══ Data block

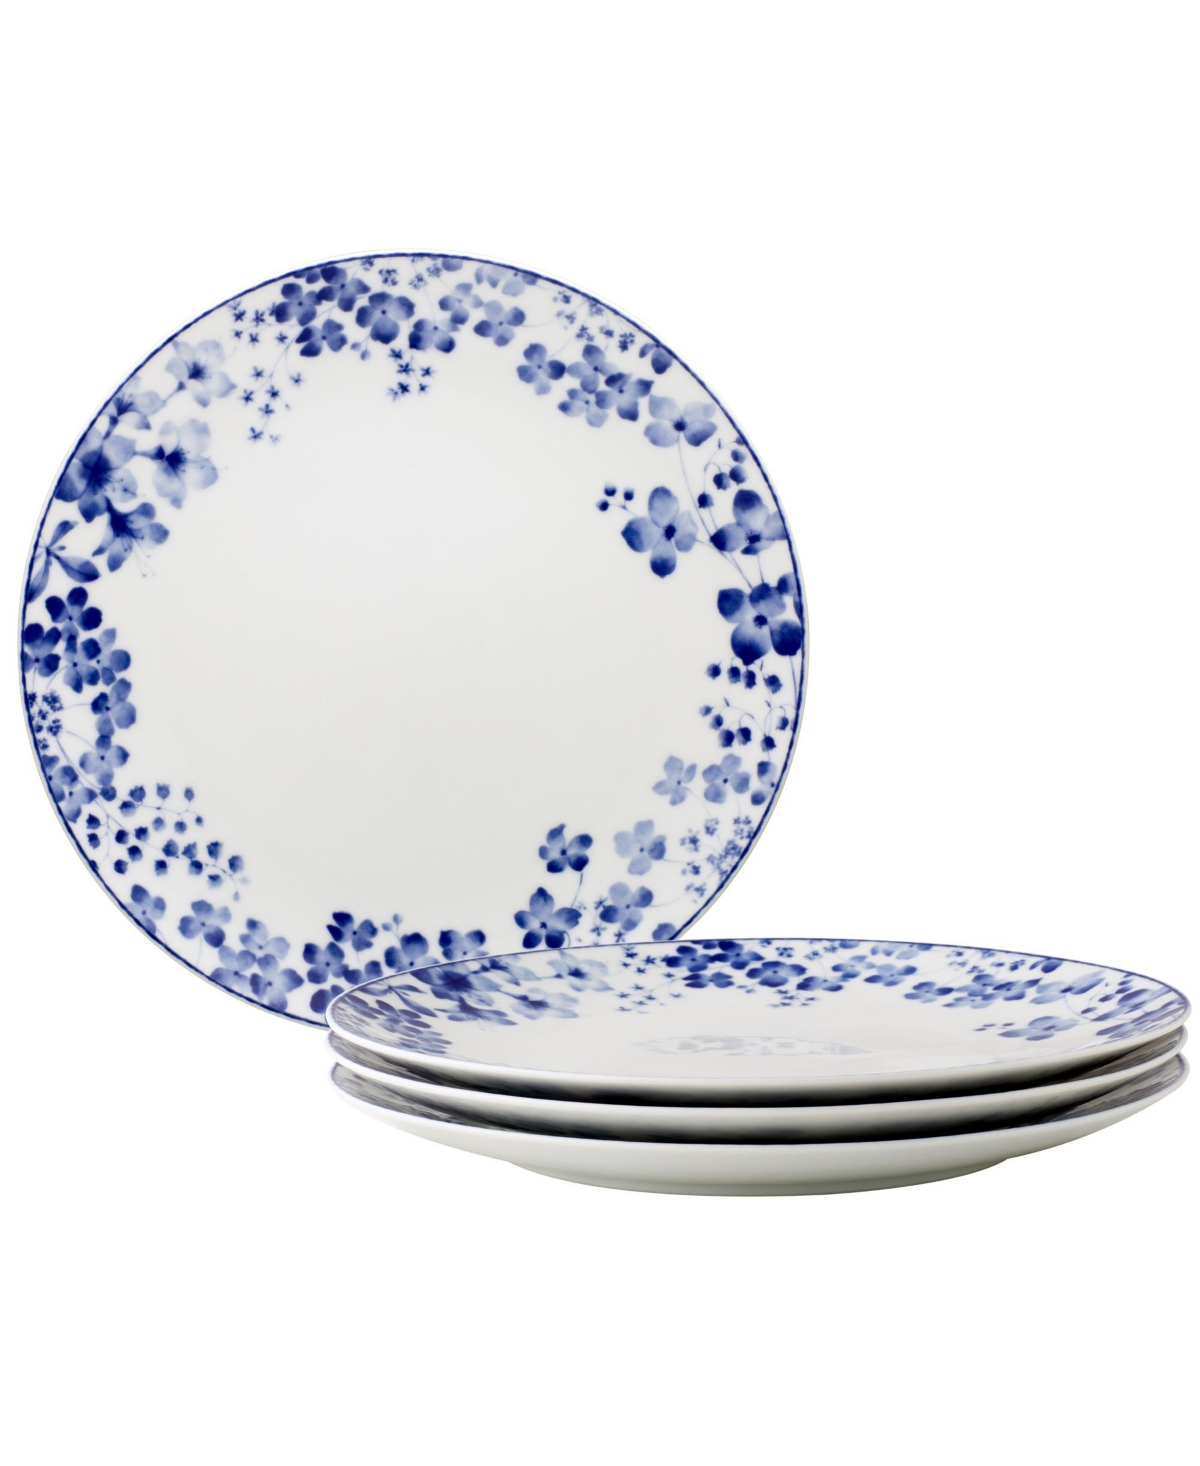 Bloomington Road Set of 4 Dinner Plates, 10 1/2" - White/blue
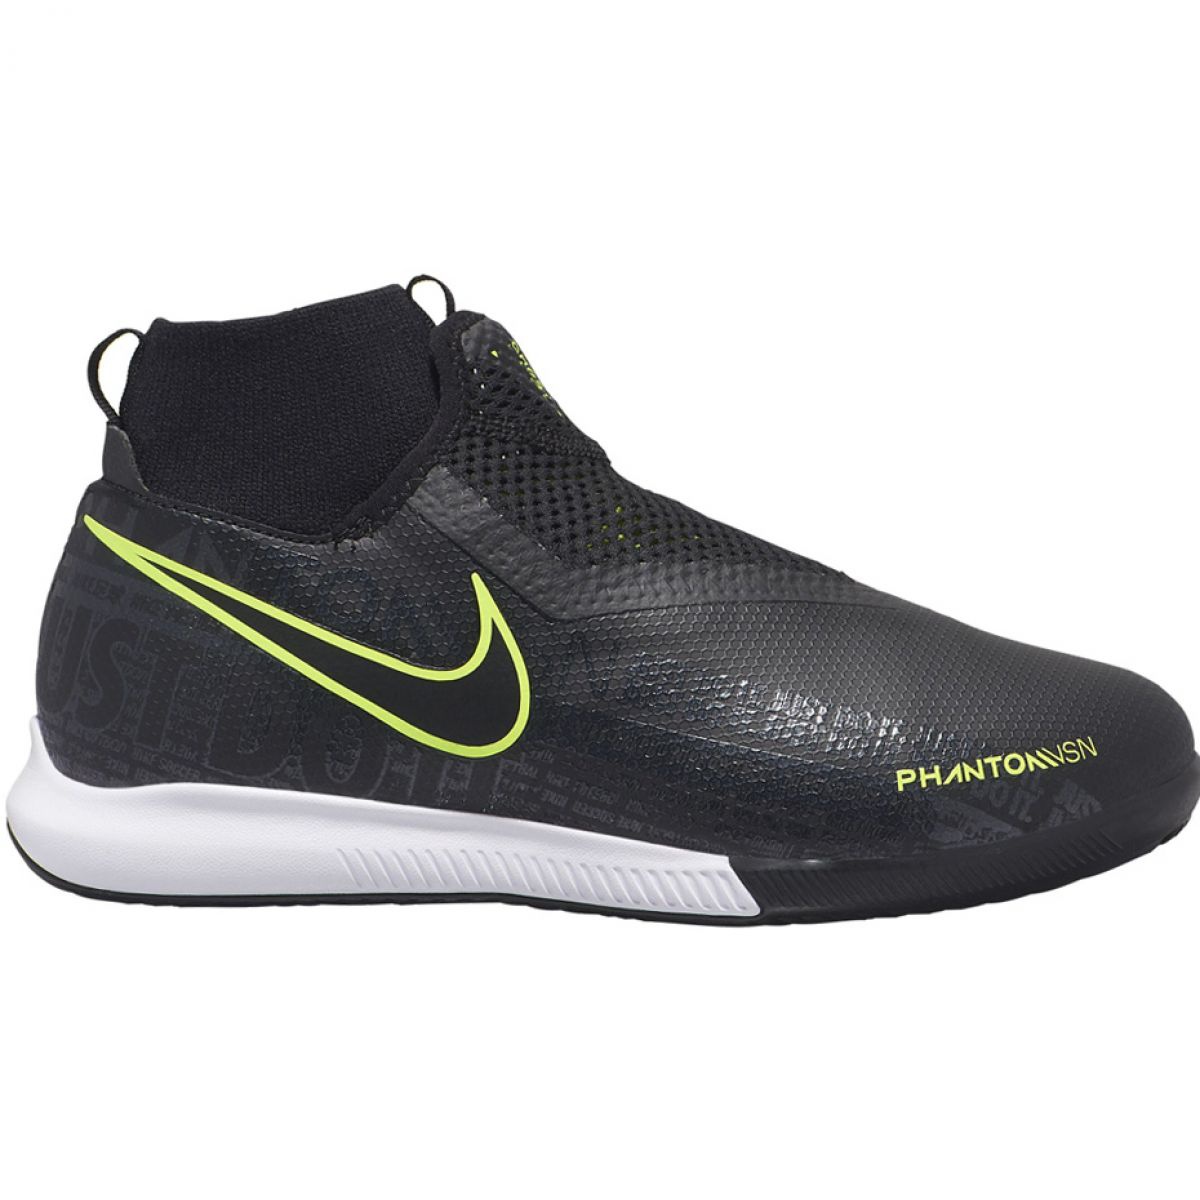 Buty piłkarskie Nike Phantom Vsn Academy
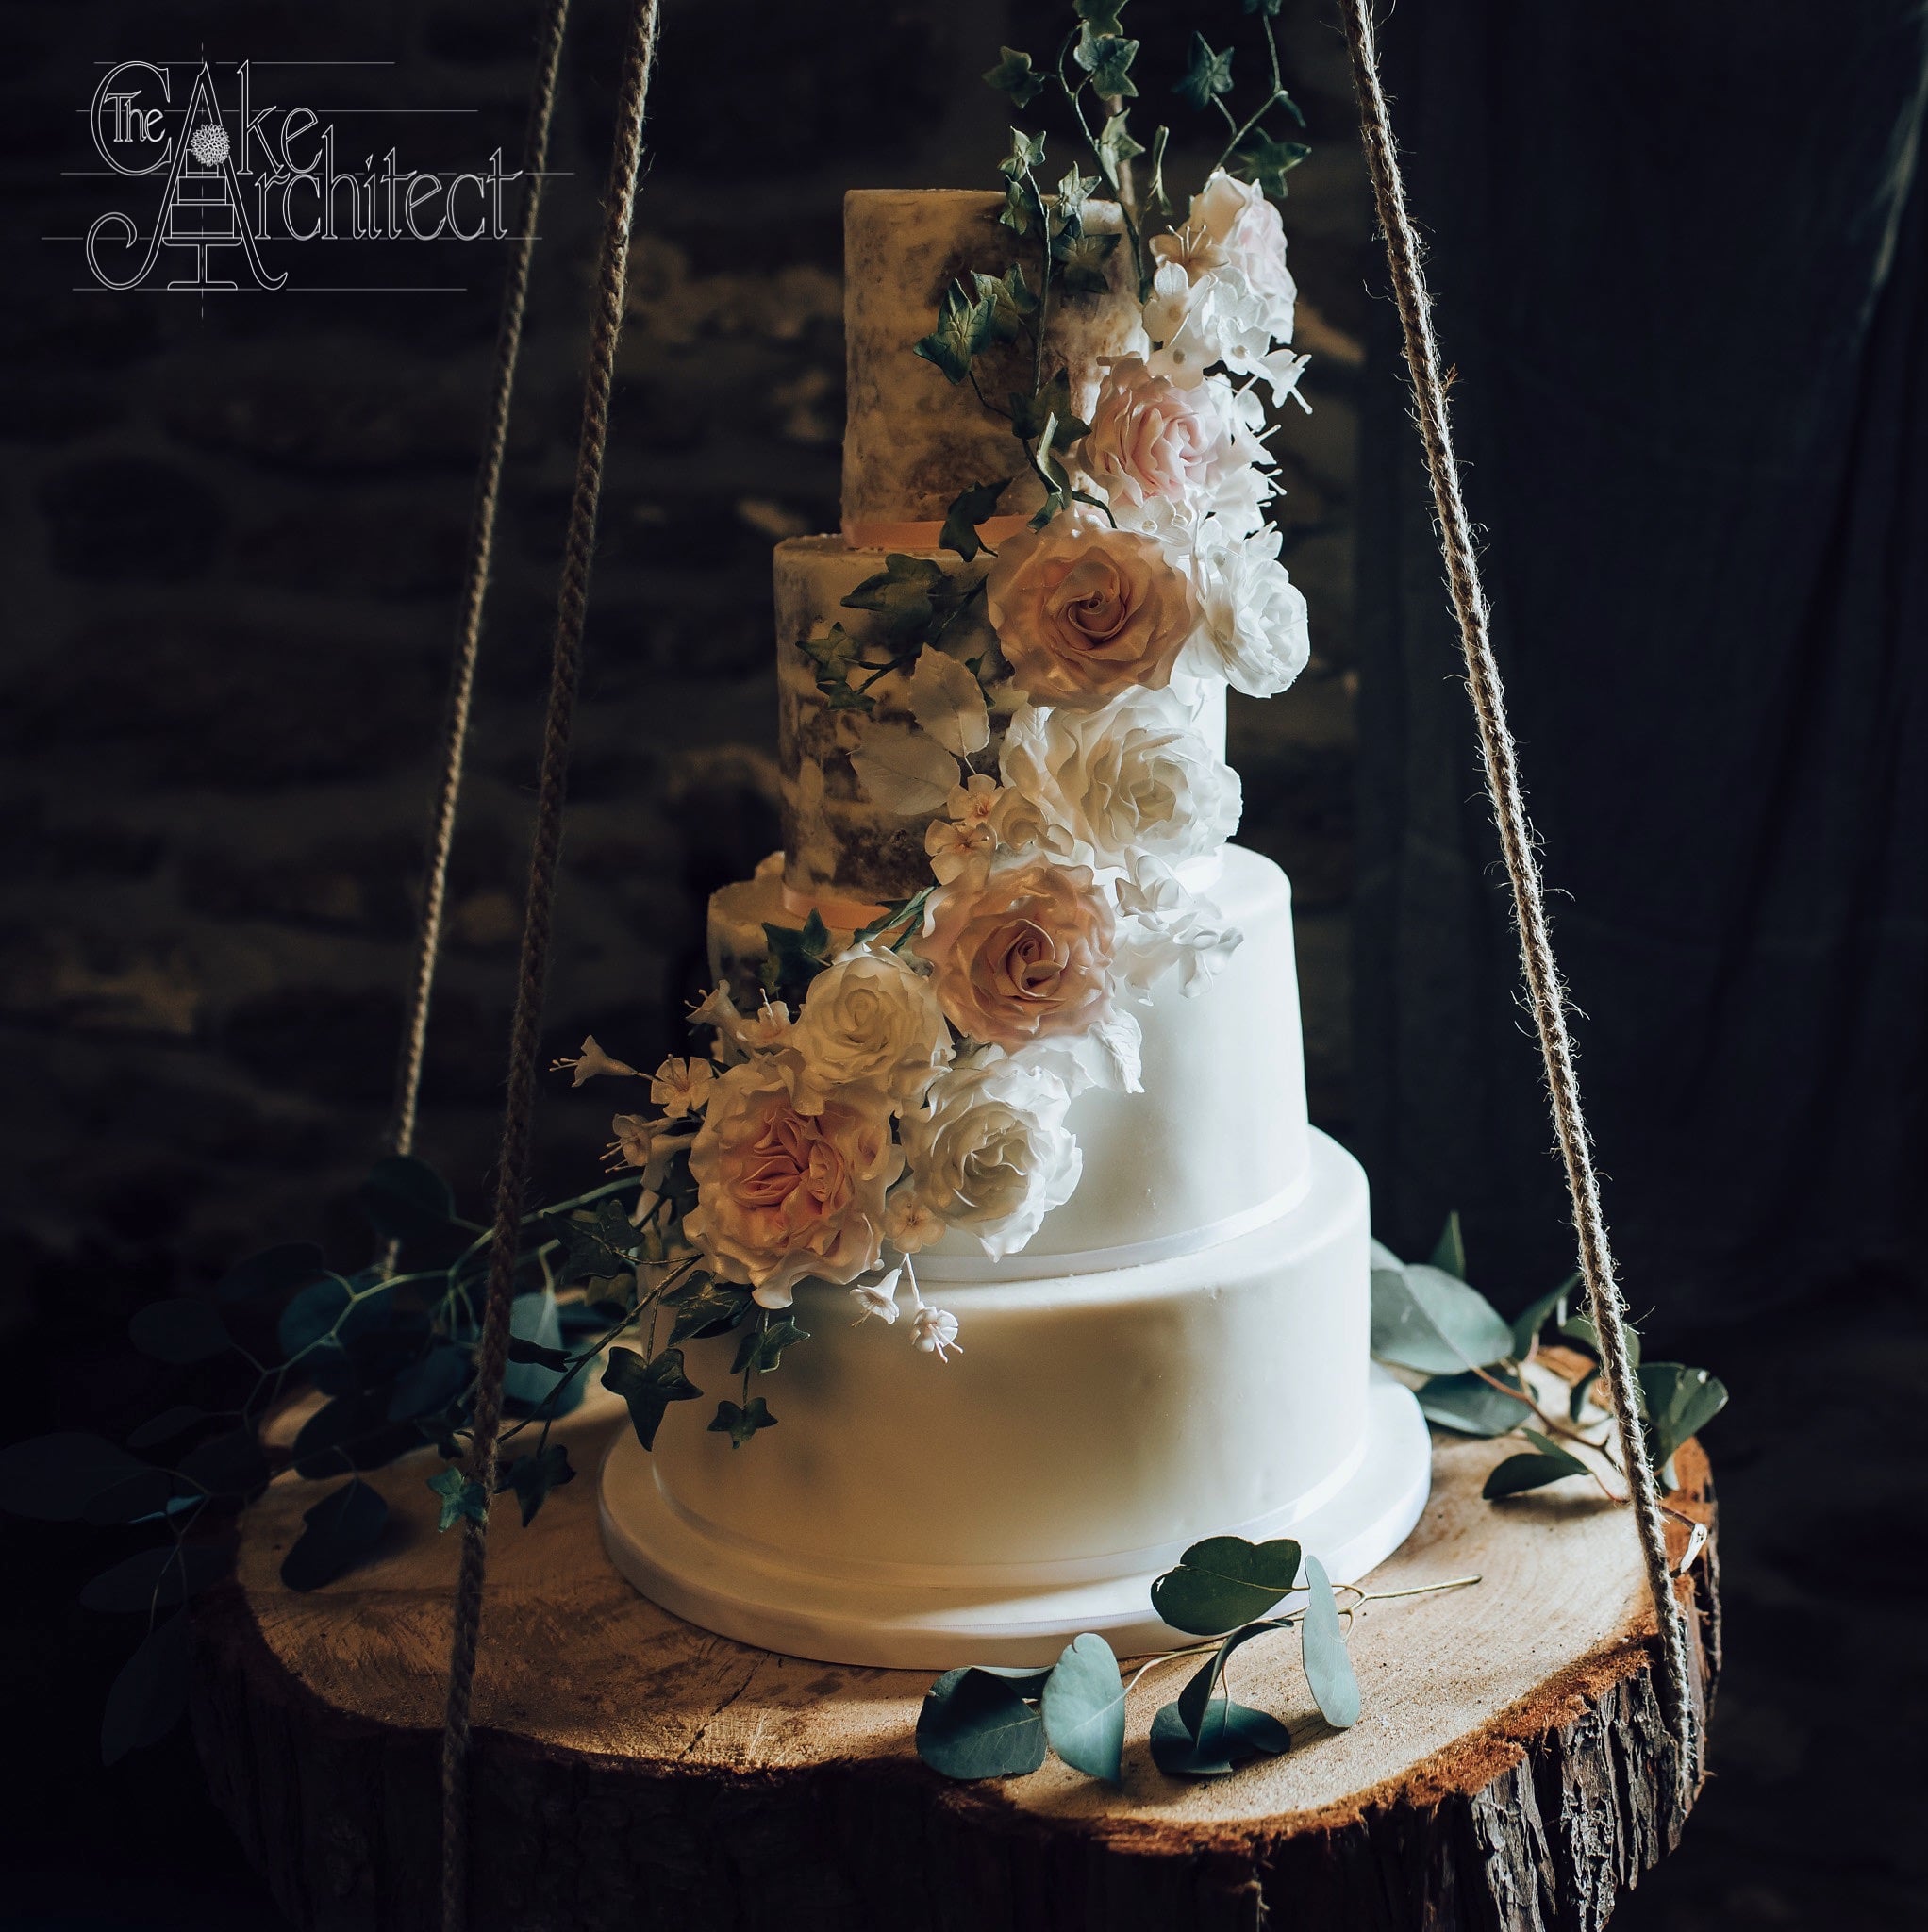 Luxury Floral Wedding Cakes, Naked Wedding Cakes, The Cake Architect, Bradford-on-Avon

════

## Assignment
Would you output the listing above verbatim, without its pictures?

## Reply
 Bloomington Road Set of 4 Dinner Plates, 10 1/2" - White/blue
 Buty piłkarskie Nike Phantom Vsn Academy
 Luxury Floral Wedding Cakes, Naked Wedding Cakes, The Cake Architect, Bradford-on-Avon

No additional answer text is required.